What is expected >>
All pictures are to be omitted while the lines starting at the line with "La palabra ‘disciplina’" and ending at the line with "Über Neos IT Services, Abbildung Helsinki" in the material below are retyped exactly, both ends included.

Records to use >>
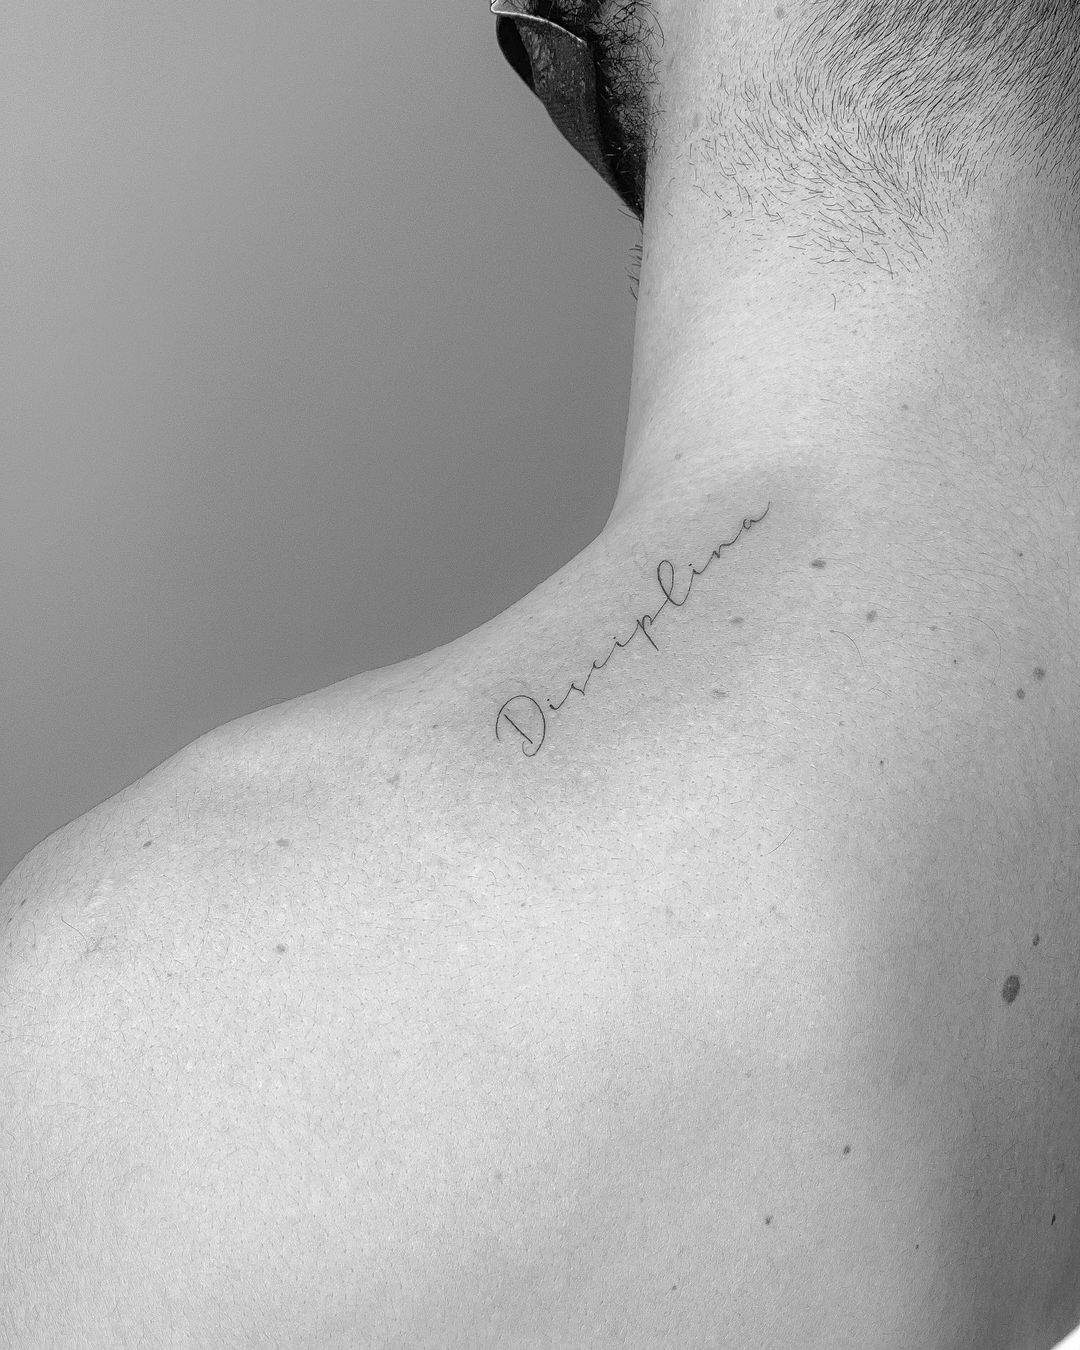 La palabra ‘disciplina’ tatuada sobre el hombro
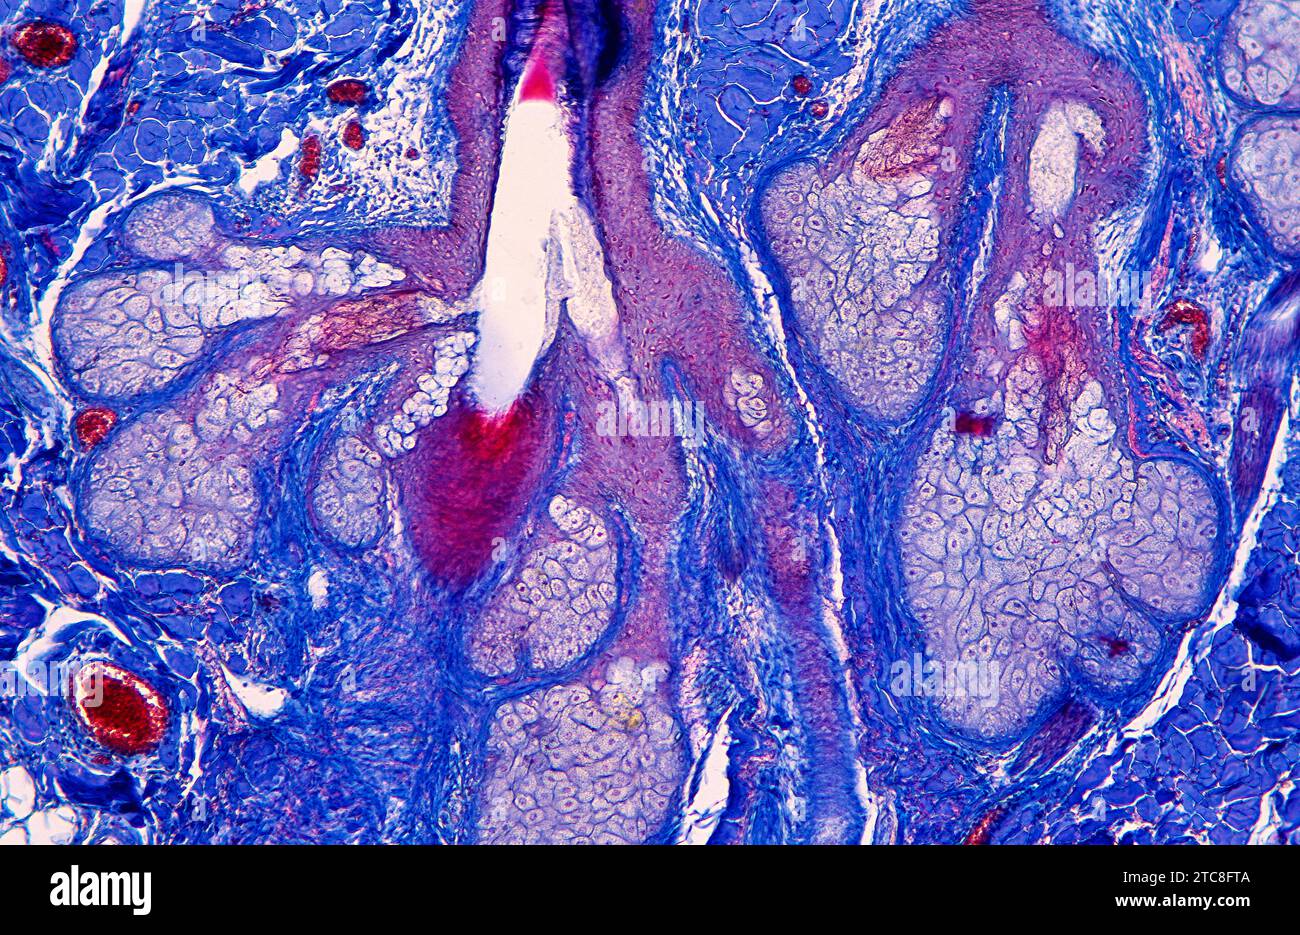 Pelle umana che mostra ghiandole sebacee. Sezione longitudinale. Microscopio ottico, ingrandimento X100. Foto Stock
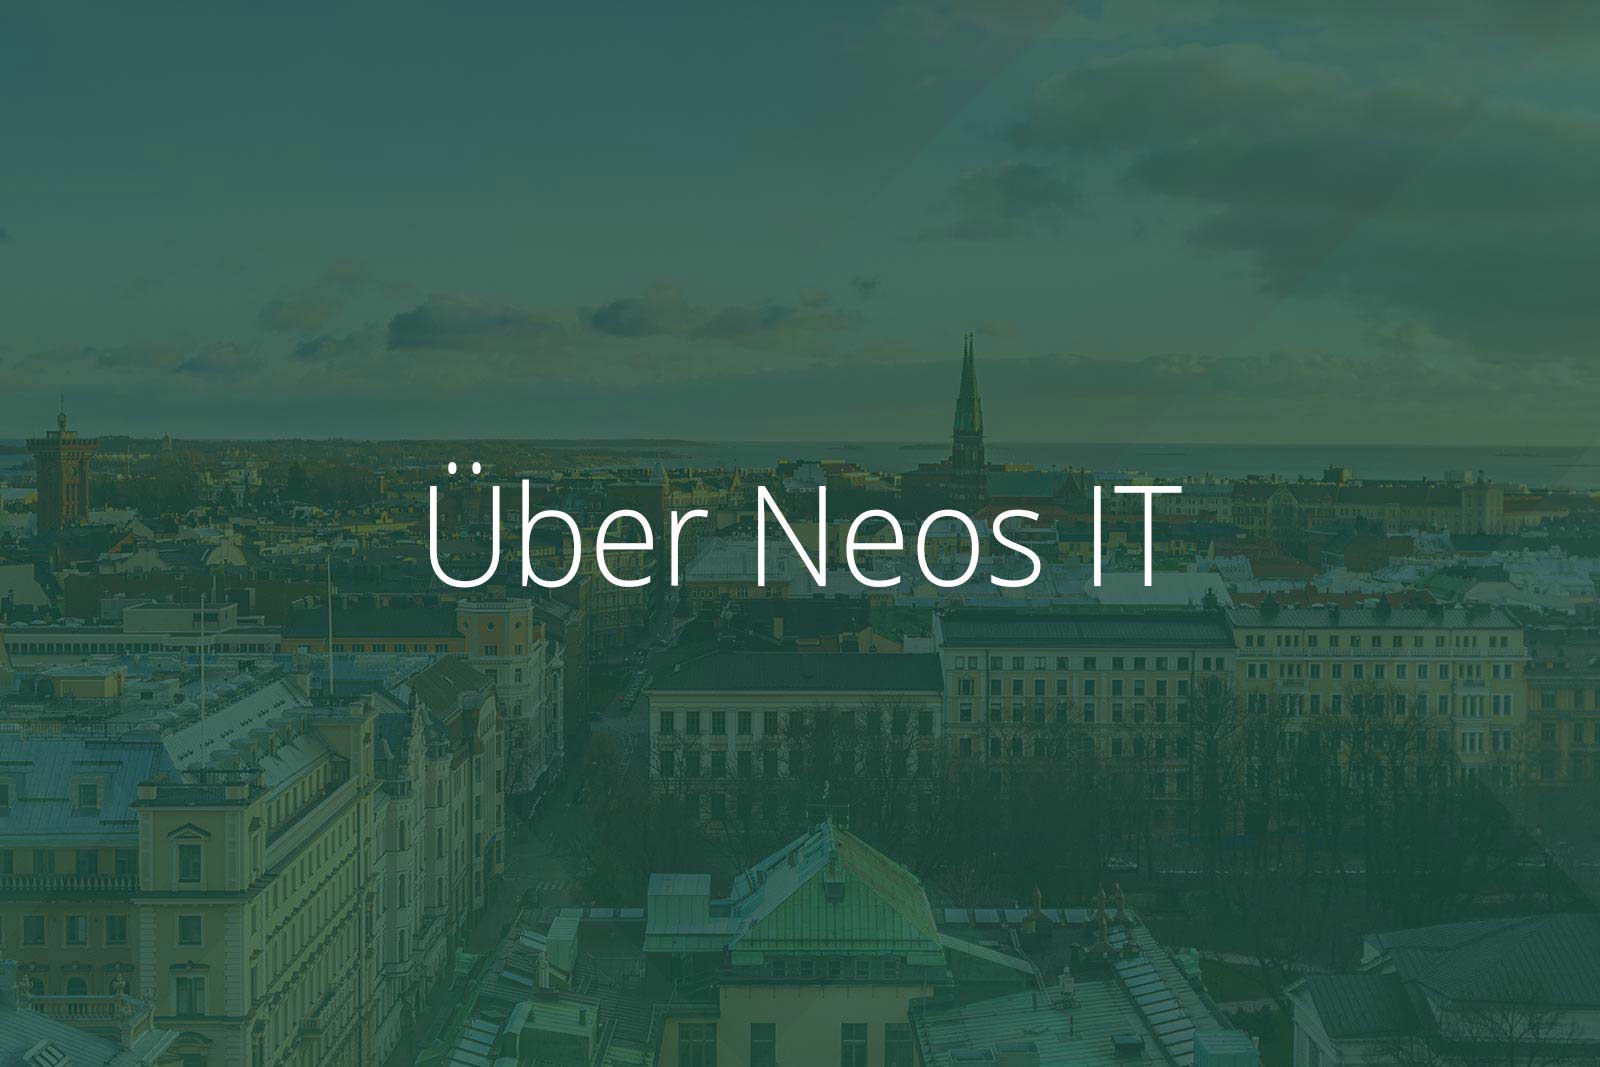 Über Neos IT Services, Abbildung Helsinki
--
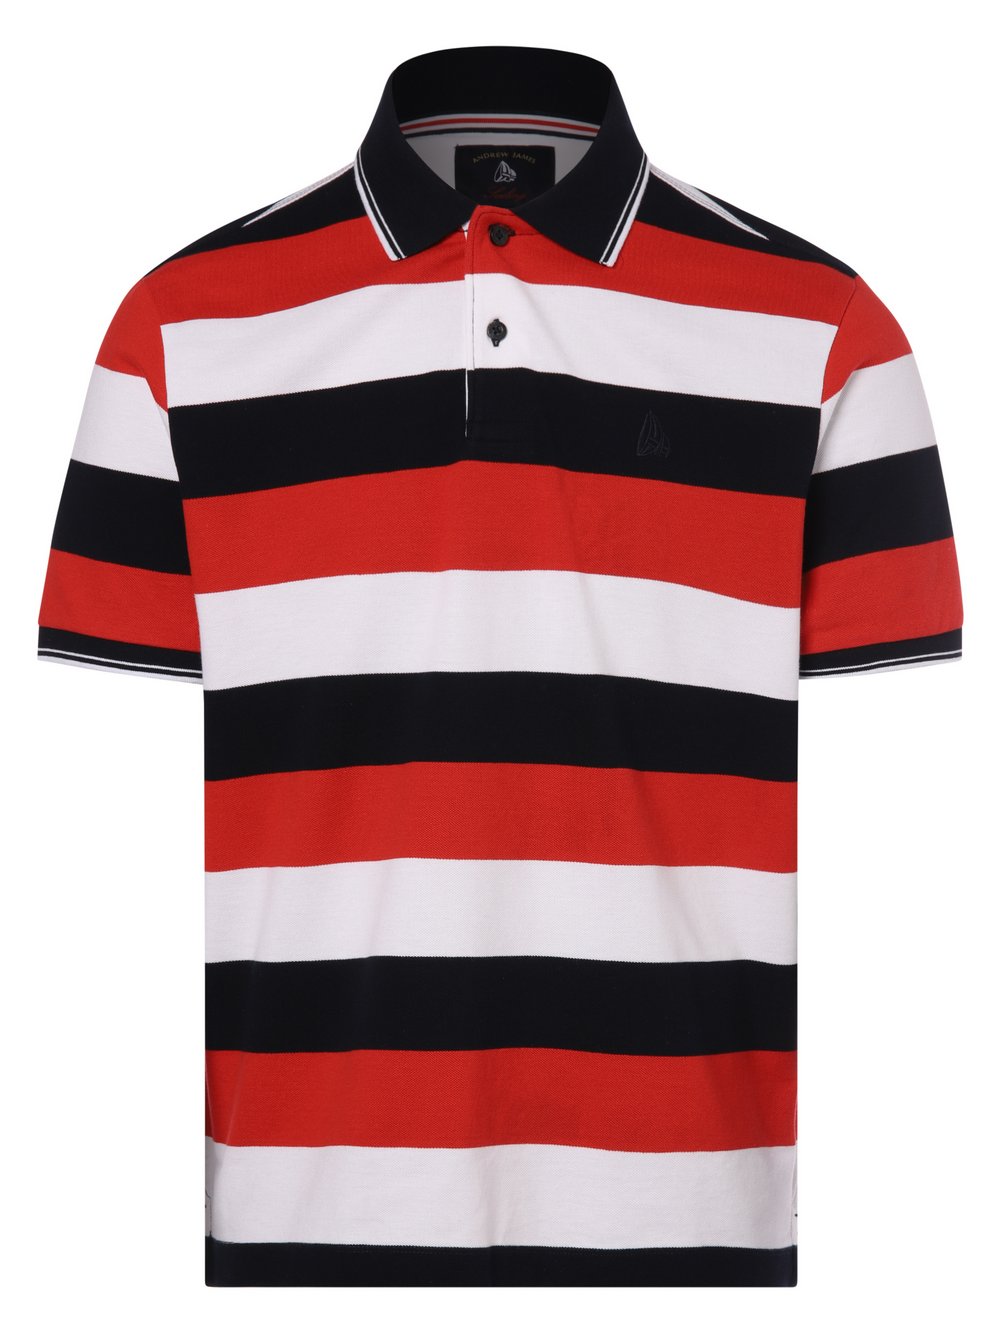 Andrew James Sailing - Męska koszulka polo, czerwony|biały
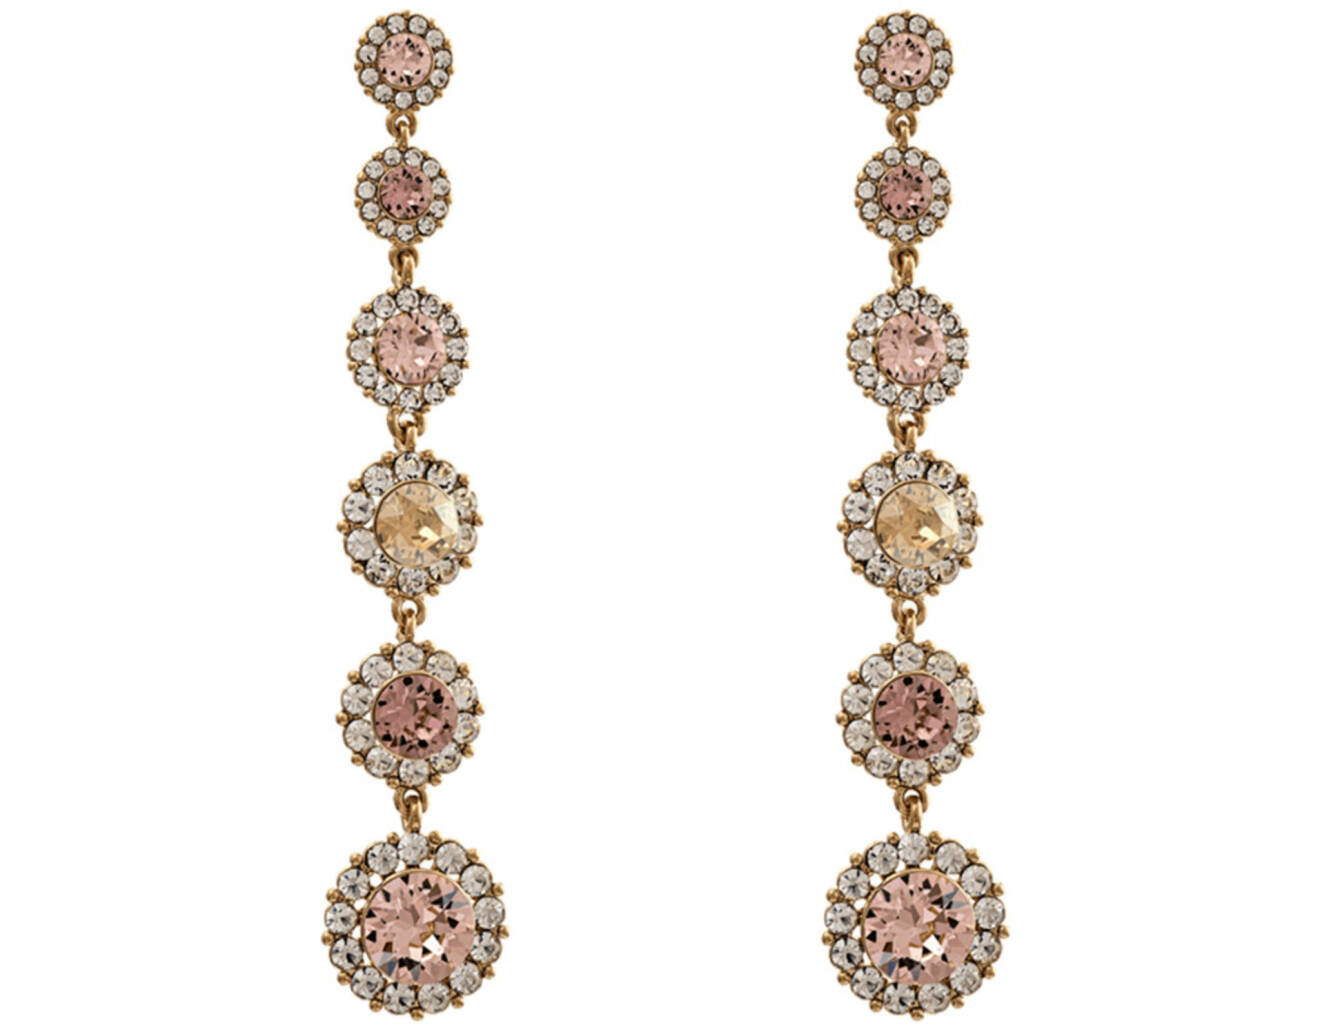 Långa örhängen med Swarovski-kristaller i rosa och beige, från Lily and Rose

Answer box >>
 La palabra ‘disciplina’ tatuada sobre el hombro
 Pelle umana che mostra ghiandole sebacee. Sezione longitudinale. Microscopio ottico, ingrandimento X100. Foto Stock
 Über Neos IT Services, Abbildung Helsinki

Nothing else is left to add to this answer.